Fin.
¿Quién sabe cuando es que ha llegado el fin?
Cuando se acaba el camino, cuando no da para más, es fácil.
Es simple. Es evidente.
Pero hay eventuras que no tienen un final natural.
Hay desvíos que cojer, hay piedras que esquivar.
Y hay cuerdas que es mejor no llegar a tensar.
Y yo, puede que ya te haya robado suficiente vida.
Puede que haya tocado fondo.
Puede que los cargamentos de paciencia hayan sido interceptados.
Puede que te hayas quedado sin provisiones de ella.

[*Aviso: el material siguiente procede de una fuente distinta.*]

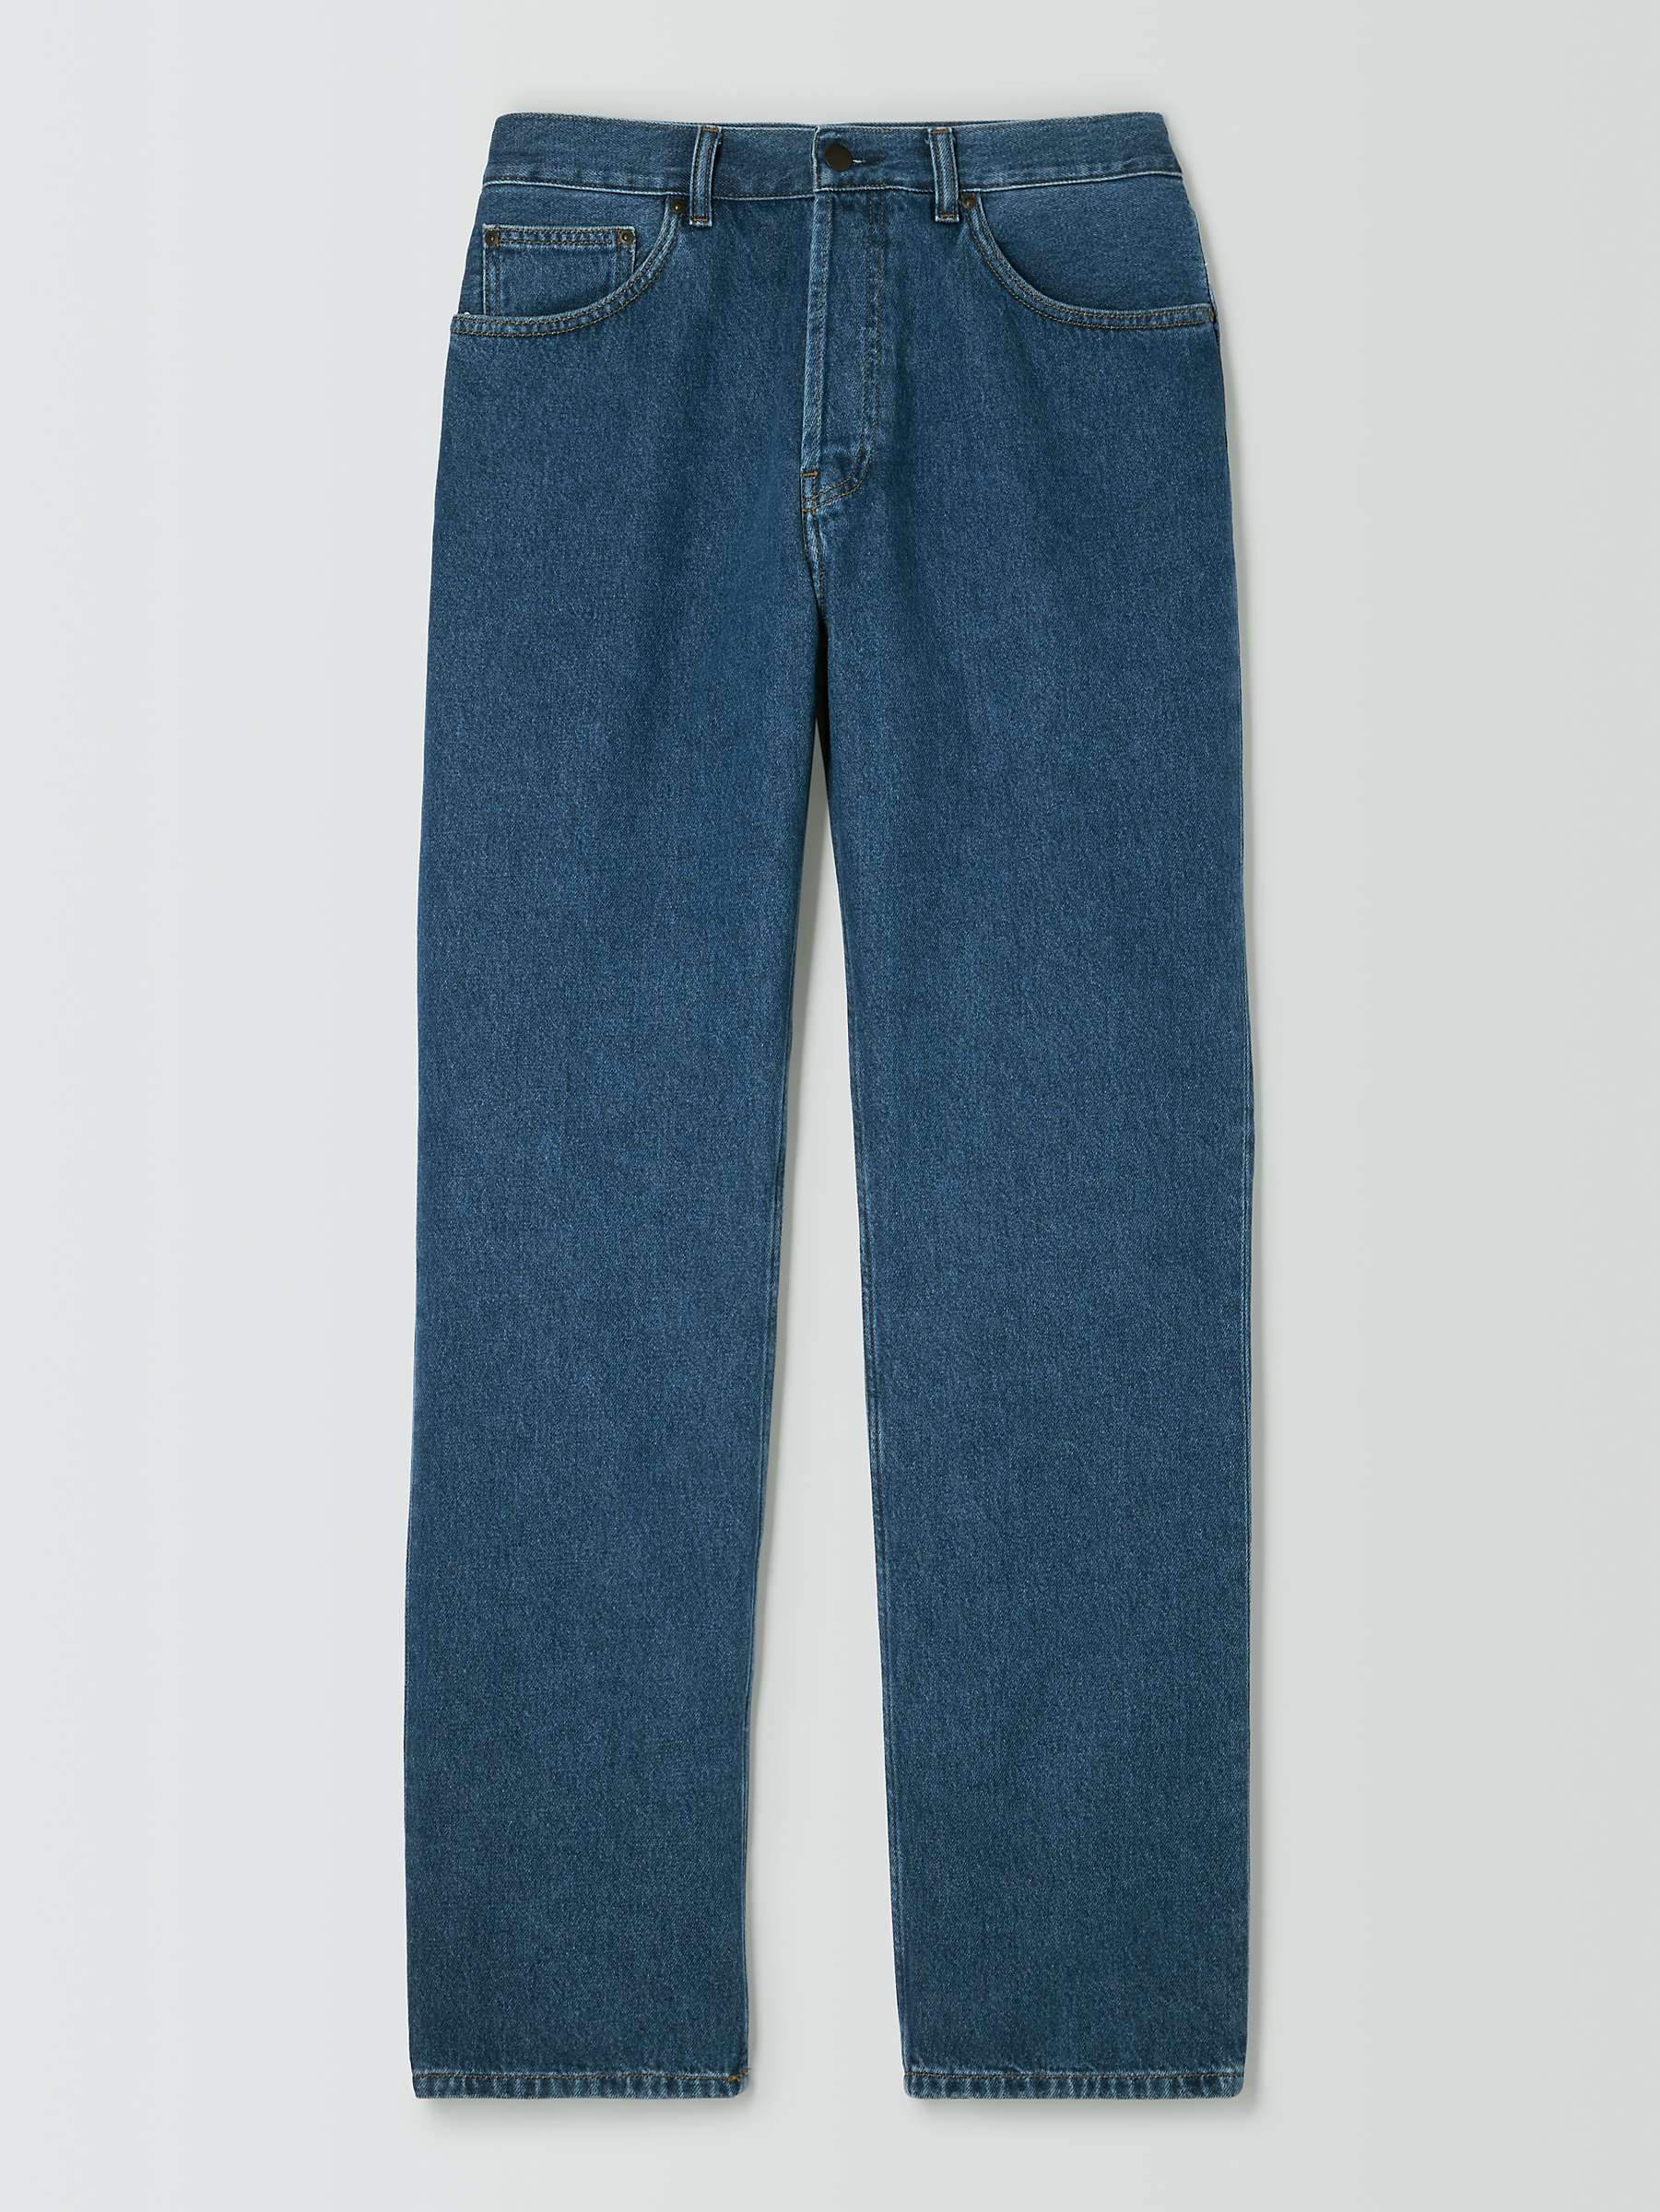 Buy Carhartt WIP Nolan Straight Fit Jeans, Blue Online at johnlewis.com

O puede que yo me las haya cargado.
Más bien, creo que es culpa mía.
Decidimos probar suerte.
Pero todo es efímero, y el juez ejecutor es la muerte.
Y quizás haya llegado su estación.
Puede que sólo sea un transbordo.
Pero, ¿Y si no?
Decidimos probar suerte, y parece que la bola ha caido en par rojo.
Y esta vez gana la banca.
O por lo menos es lo que nos trae el eco.
Lo que queda del sonido de las noches tristes.
De las broncas a base de palabras lapidarias.
Quizás sea el final.
Pero cada fina, trae consigo un principio.